“I make fiber from trees.”
“I tell everyone to ‘buy less, buy better.’”
“My mommy makes clothes out of trash.”
The panelists at Texworld NYC’s “From Linear to Circular” last week got a laugh at how they, or their kids, explain their sustainability careers to those outside the fashion industry. Unfortunately, comprehension within the industry isn’t always crystal clear, either.
Before the fashion industry can close the loop and ease its 17-million-ton textile landfill problem, it needs to educate companies, and consumers, on the need to focus attention on how extending product life cycles can contribute to a circular economy.
The panel was part of the Lenzing Seminar Series and included: Katie O’Hare, director of sustainability, J.Crew Inc.; Katie Tague, VP sales and global marketing, Artistic Milliners PVT; Sarah Coulter, director of operations, Accelerating Circularity; and Rachel Kibbe, CEO & Founder of Circular Services Group. It was moderated by Ashley Buchalter, business development manager for Lenzing Fibers, Inc.
One of the primary challenges to wide adoption of a circular model is that the current business model is linear, not to mention profit driven. “The definition of profitability doesn’t have to be solely economic,” said Kibbe. “[Profitability] can be environmental, but quarterly earnings don’t match up with that. Something has to change.”
Another challenge with circularity is scaling it up, as many brands are afraid to be a “first mover” in the space, thinking they don’t have a customer for it. But bringing brands together and educating consumers will create both supply and demand.
Coulter of Accelerating Circularity, a non-profit that creates supply chains for turning textile waste (aka “spent textiles”) into raw materials, said the organization realized it needed a group effort.
“We put everyone in a room to make commitments and incentive those further upstream to start developing products,” said Coulter. “We got a dozen brand partners who have committed to buying standard commercial orders, products with a target of 40 percent recycled content, and half of that from post-consumer fibers. And we’re going full circle—collection, sorting, pre-processing, [chemical and mechanical] recycling to new fibers, then all the way through the supply chain to finished garments. We have about 19 yarns in development for 12 products, and the brands are excited as they haven’t done that scale before.”
Accelerating Circularity deliberately picked basics that can be “reordered tomorrow,” so brands can do a direct substitution from their conventional products with these circular fibers in development.
While examining input swaps and building out circular models, apparel companies must make sure to look at the big picture. Is that natural dye using more water than synthetics? What about mordants, the chemicals commonly using in the dyeing process?
“You can use certain sustainable materials but what’s the carbon footprint to ship it?” said Tague of Artistic Milliners, a denim mill based in Pakistan that views the problem with a highly holistic approach.

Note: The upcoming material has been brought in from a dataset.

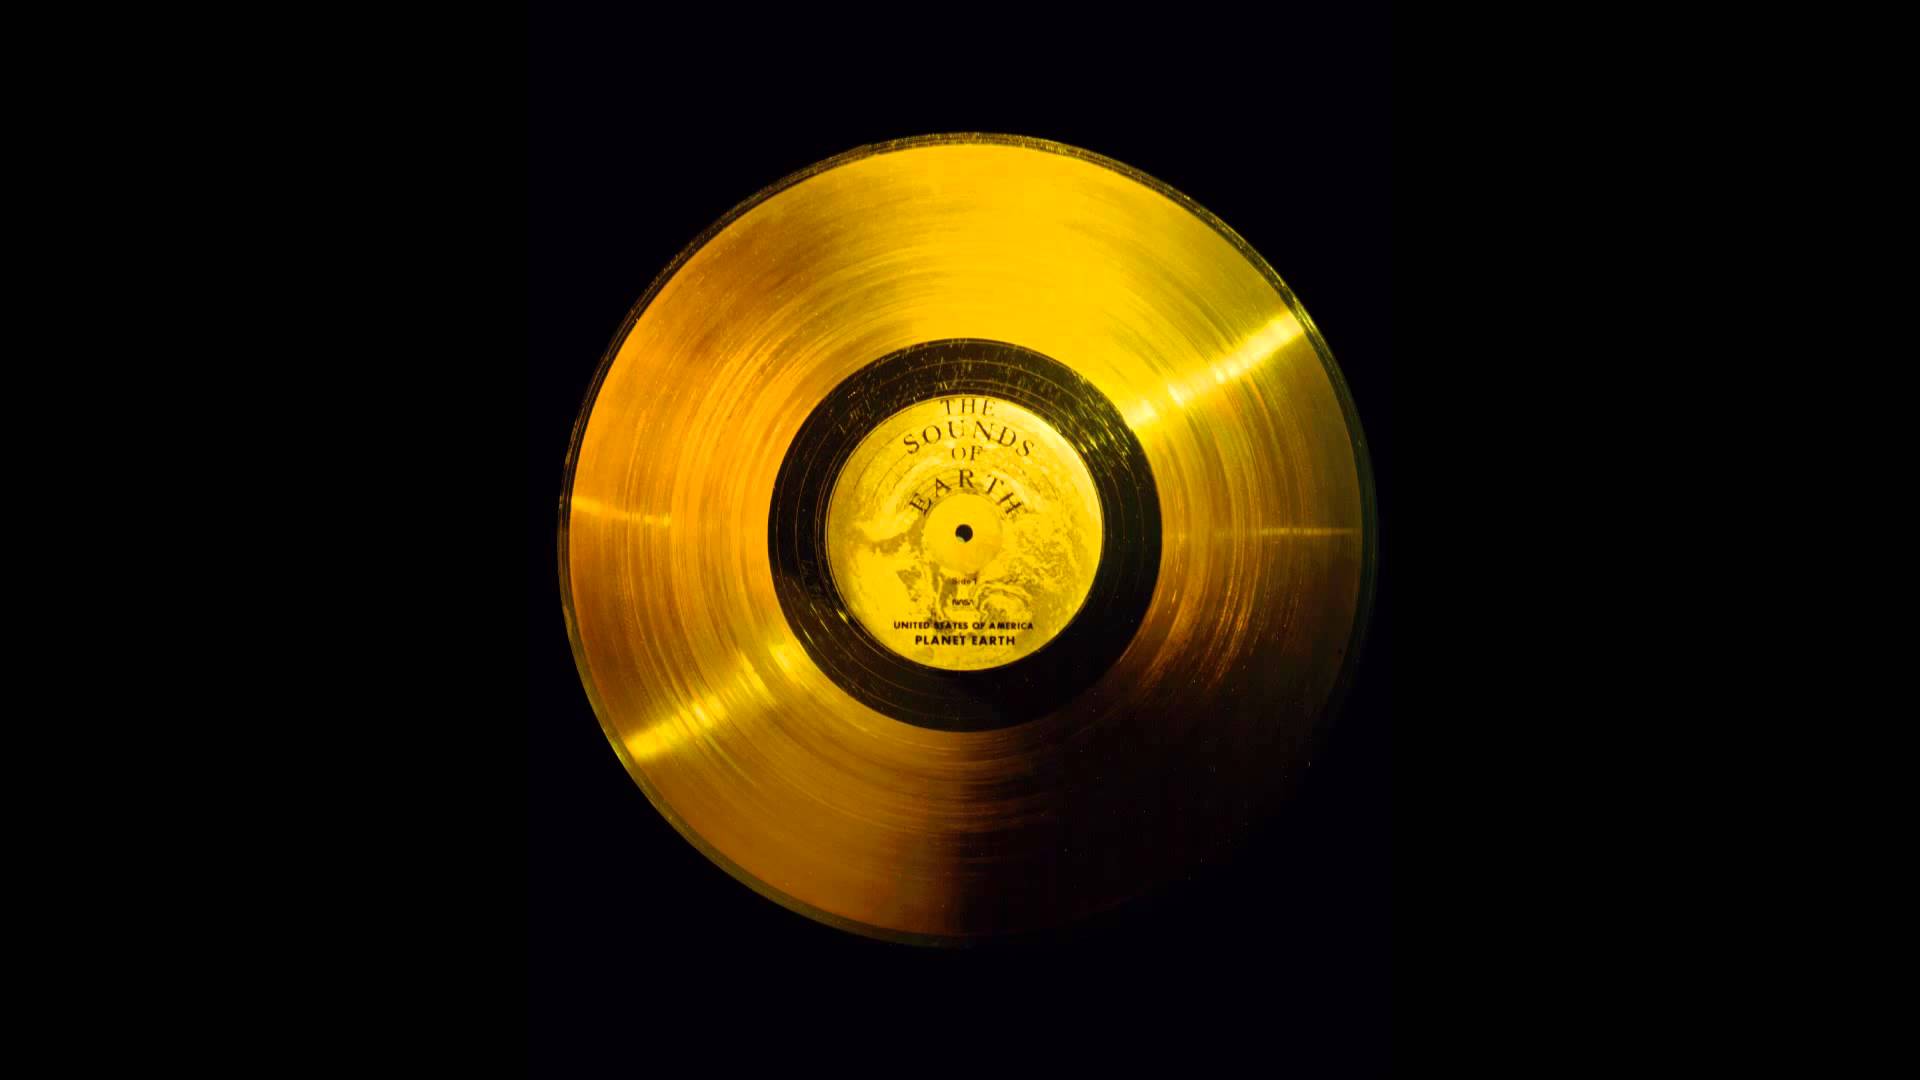 voyager 1 records

The company recently created Circular Park, its own internal recycling plant, and has made major investments in solar and wind energy to cut down on energy use. “There are also little touches that can have a huge impact, such as drying jeans on the ceiling using natural planetary heat so jeans don’t have to go into the dryer nearly as long.”
Elongate the use phase
Selling more and more clothing while trying to reduce waste can seem like an oxymoron, and just like recycling didn’t solve the plastics problem, recycling won’t solve the fashion problem. But many companies have found solutions in reuse, aka resale and rental.
Brands are increasingly partnering with third-party resale and rental organizations to profit off vintage stock, produce fewer new items, offer a new entry point to the brand and let consumers utilize trade-in options that help clean out their closets. Consumers are already shopping such resale platforms—which handle the tremendous amount of infrastructure—so why shouldn’t the brands get a piece of the action?
J.Crew is among the latest fashion companies to jump into the mix, having launched vintage resale with ThredUp in January with the tagline ‘Because classics are always in style.’ “We are looking at how we can design something so consumers can love it forever and elongate the use phase,” said O’Hare. “Bring back the heirloom!”
Companies are also looking to engage customers with a circular economy without necessarily bogging them down with circularity speak.
“We are starting to incorporate recycled content in our denim, but the customer might not even know that,” said O’Hare. “Actually, consumers shouldn’t notice that because the quality won’t be different. How can we ‘sneak in’ 5 percent, 10 percent recycled content into our jeans in a way that the customer loves the fit and quality, but it’s still authentic to the brand?”
At the end of the day, policy can help push things forward in a unified way that won’t put companies leading the charge at an economic disadvantage, but it’s not everything.
“We have to look at how we changed every other industry with negative externalities—like energy, like transportation, like tobacco—and it’s a combination of consumer pressure, public pressure, consumer awareness and public awareness,” said Kibbe. “This can be accomplished to a certain extent through policy… but to change these industries they all have to work in tandem. It’s going to be painful and chaotic but it all starts there.”